BRIEF
Below is a listing; retype exactly the line with "LOVINA Bento Box for Adult Kids, Stylish" and every line after it through the end, and only those, leaving out the pictures.

DATA BLOCK
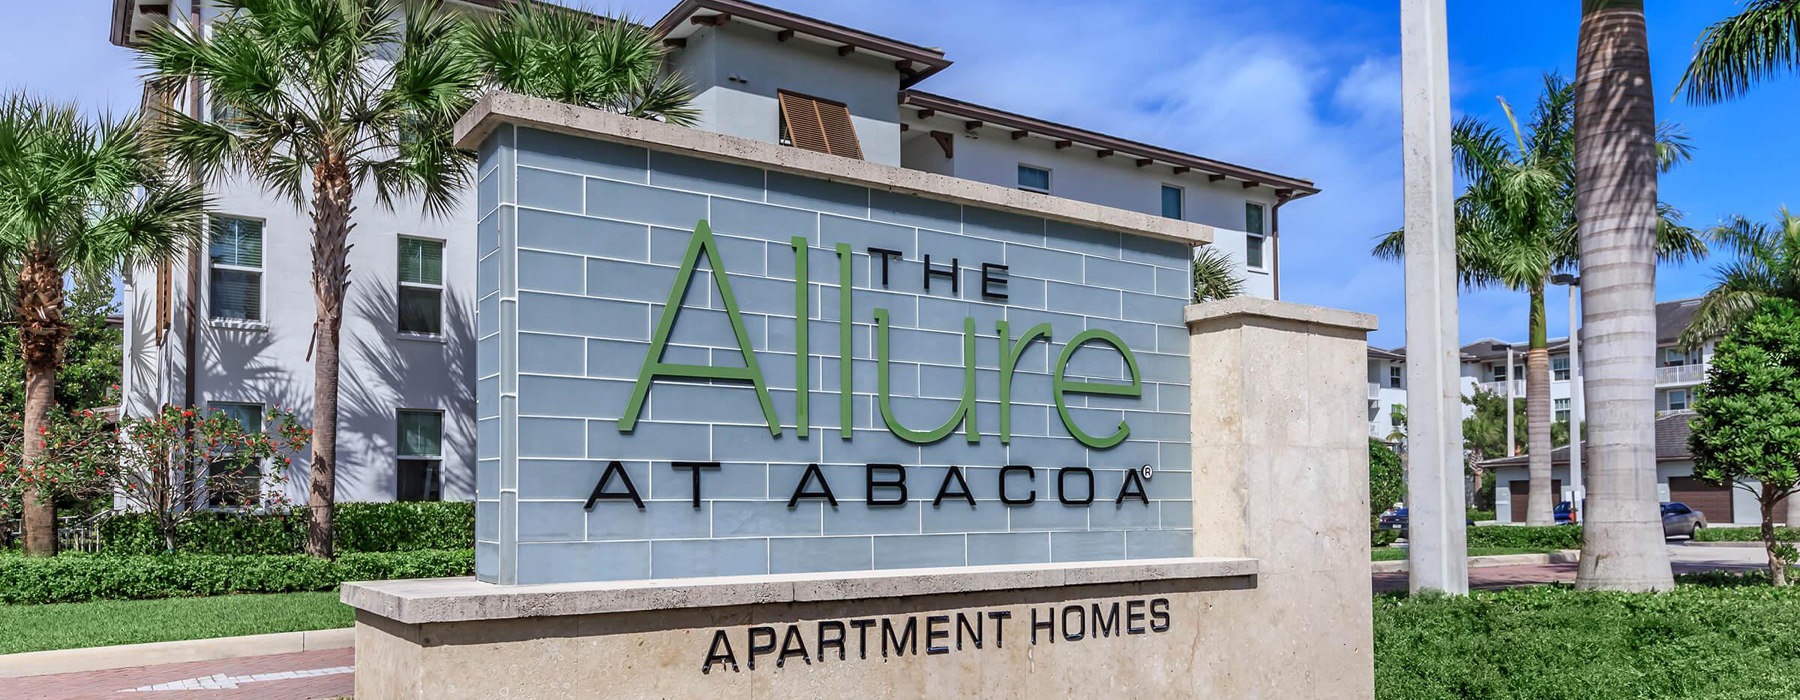 Allure at Abacoa Entrance
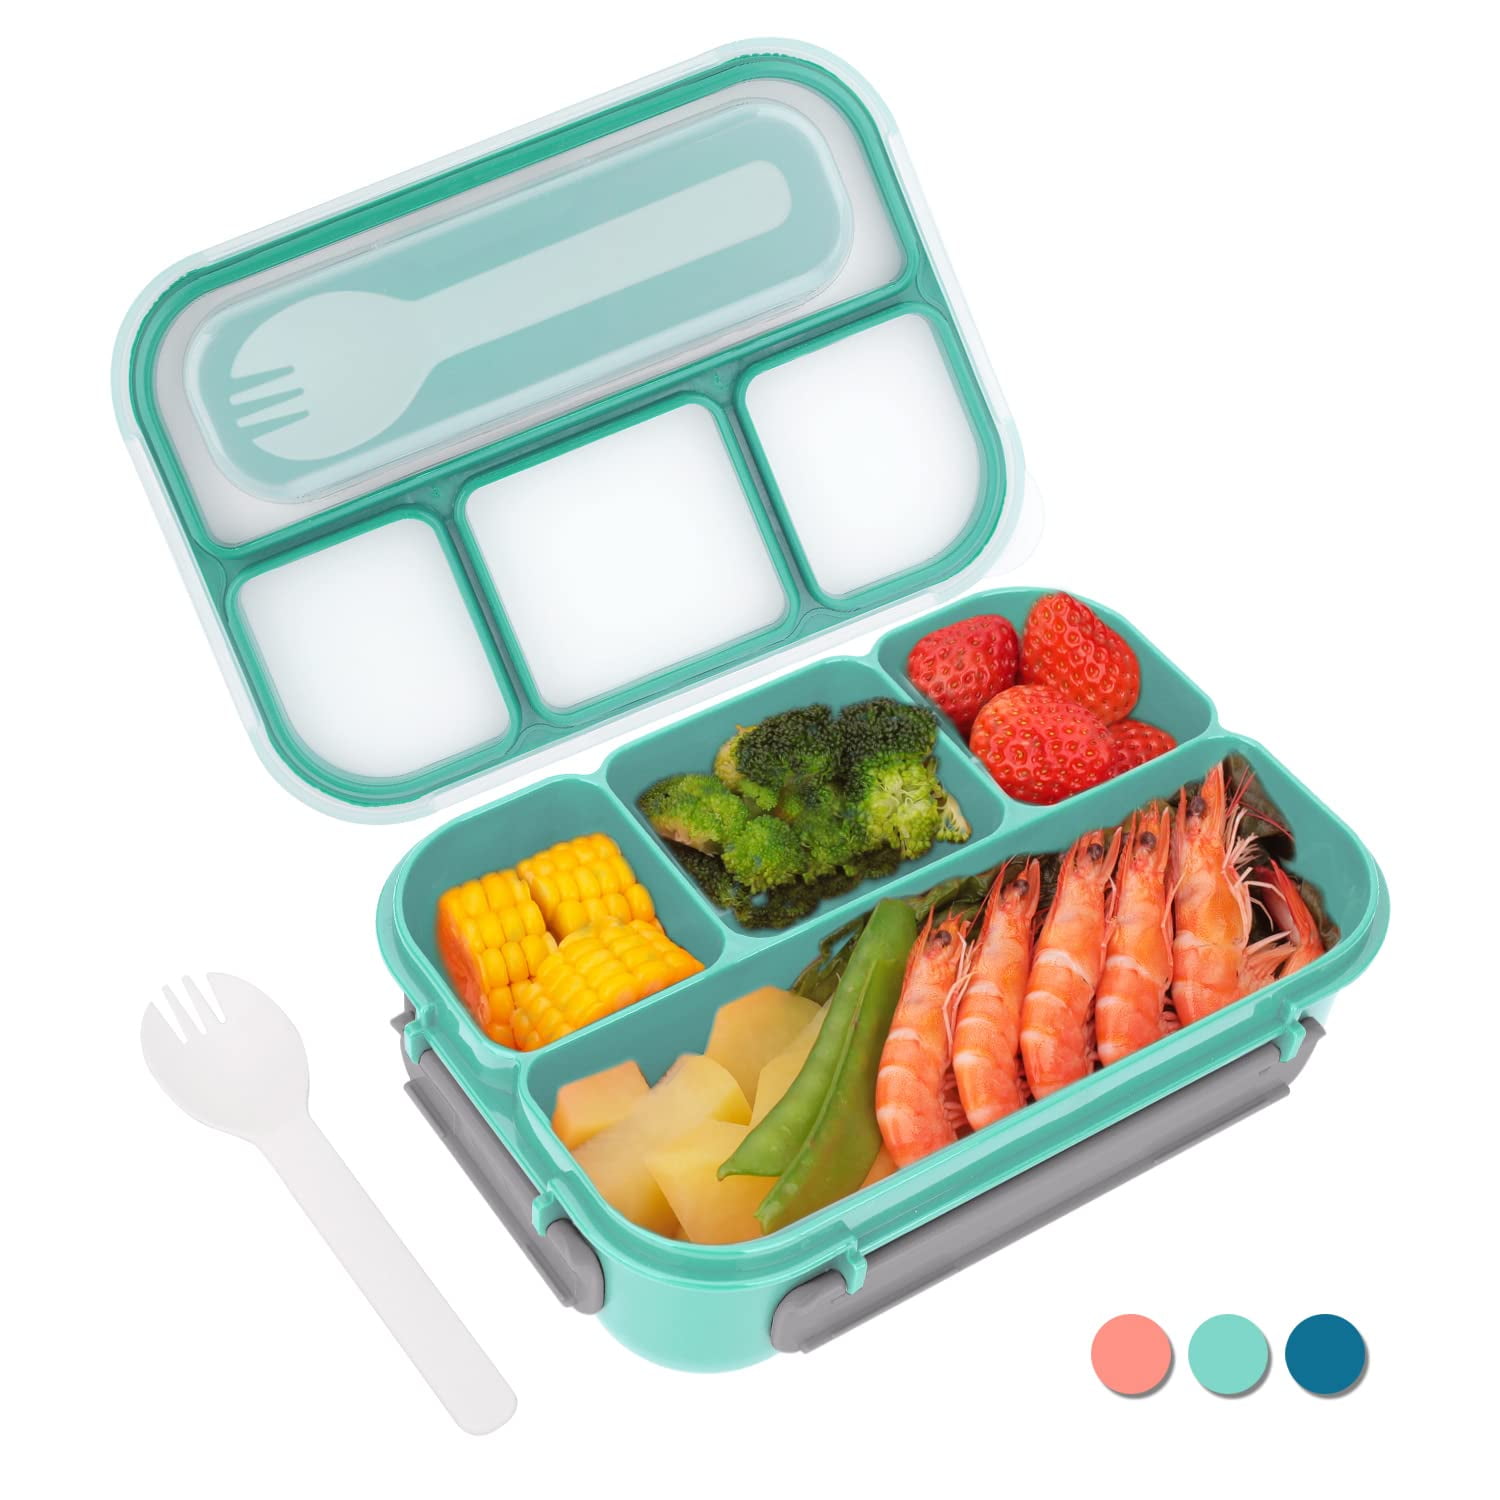 LOVINA Bento Box for Adult Kids, Stylish Teens Adult Lunch Box Containers  With 5 Compartments, Durab…See more LOVINA Bento Box for Adult Kids,  Stylish
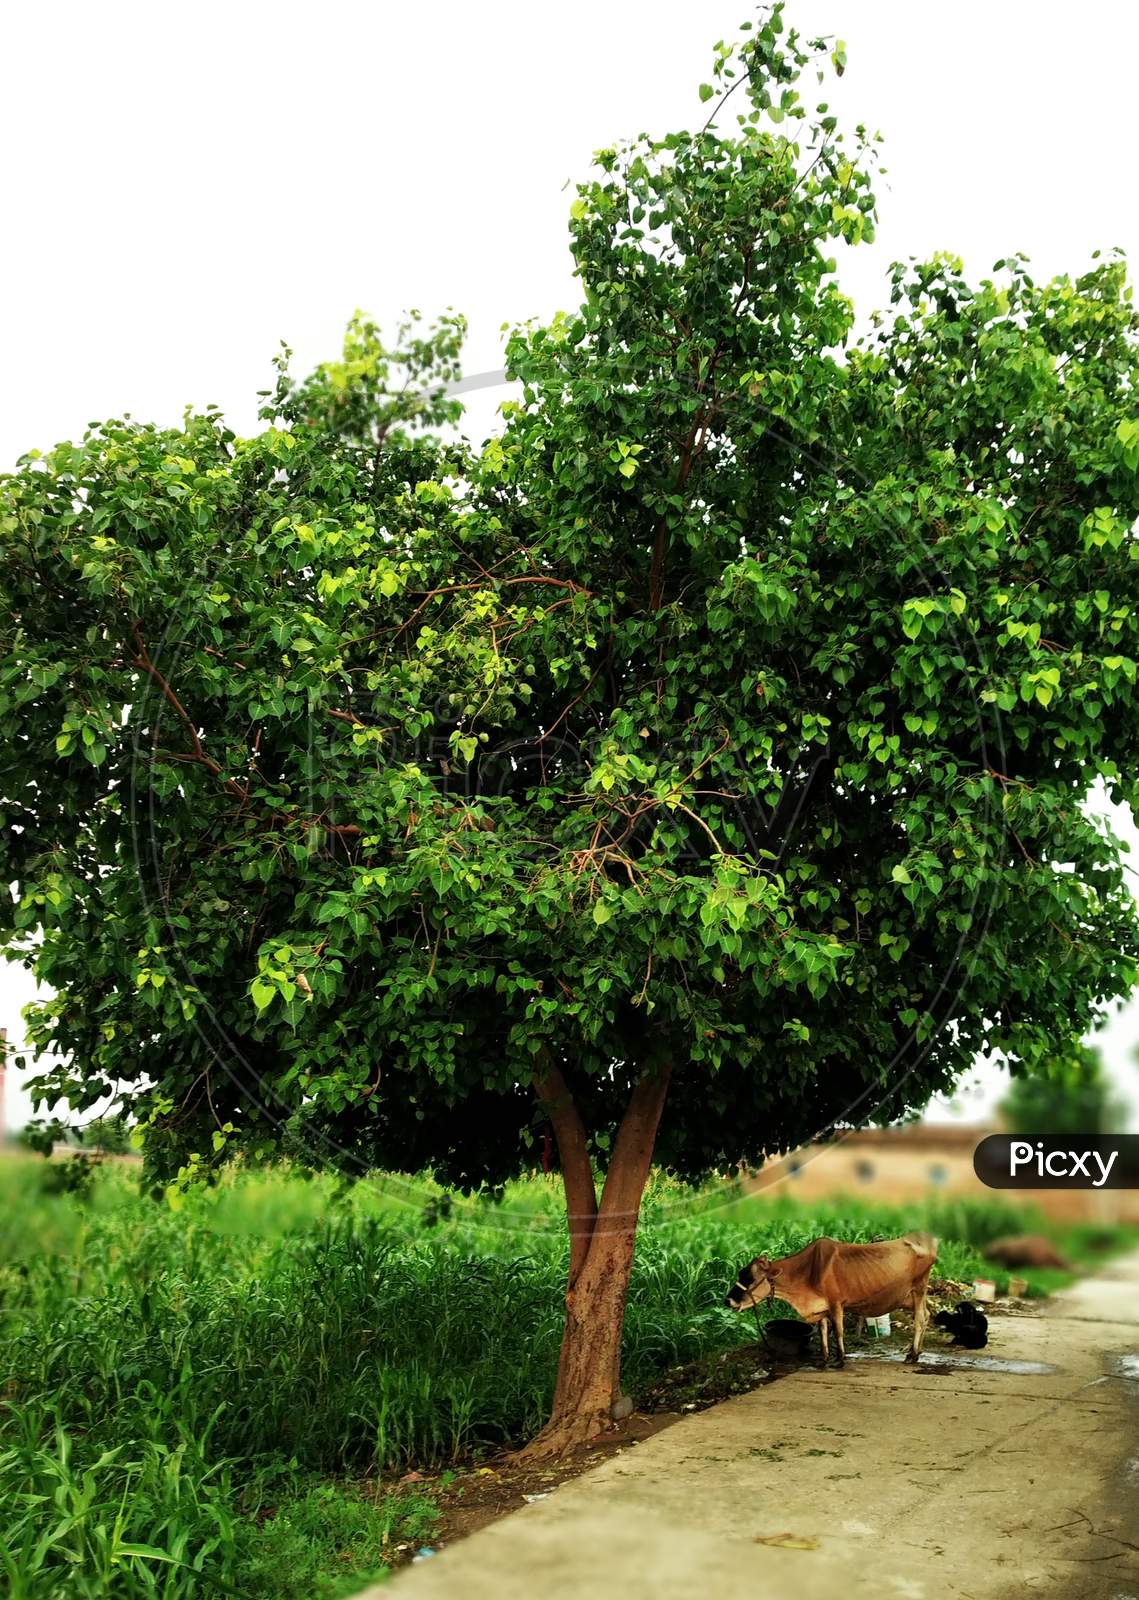 It is peepal tree, its leaves are green in color, there is a red orange cow under it, there is a black goat and in the background there are fields waving with green crops, road hai this very beautiful netural pic hai

SOLUTION BELOW
 LOVINA Bento Box for Adult Kids, Stylish Teens Adult Lunch Box Containers  With 5 Compartments, Durab…See more LOVINA Bento Box for Adult Kids,  Stylish
 It is peepal tree, its leaves are green in color, there is a red orange cow under it, there is a black goat and in the background there are fields waving with green crops, road hai this very beautiful netural pic hai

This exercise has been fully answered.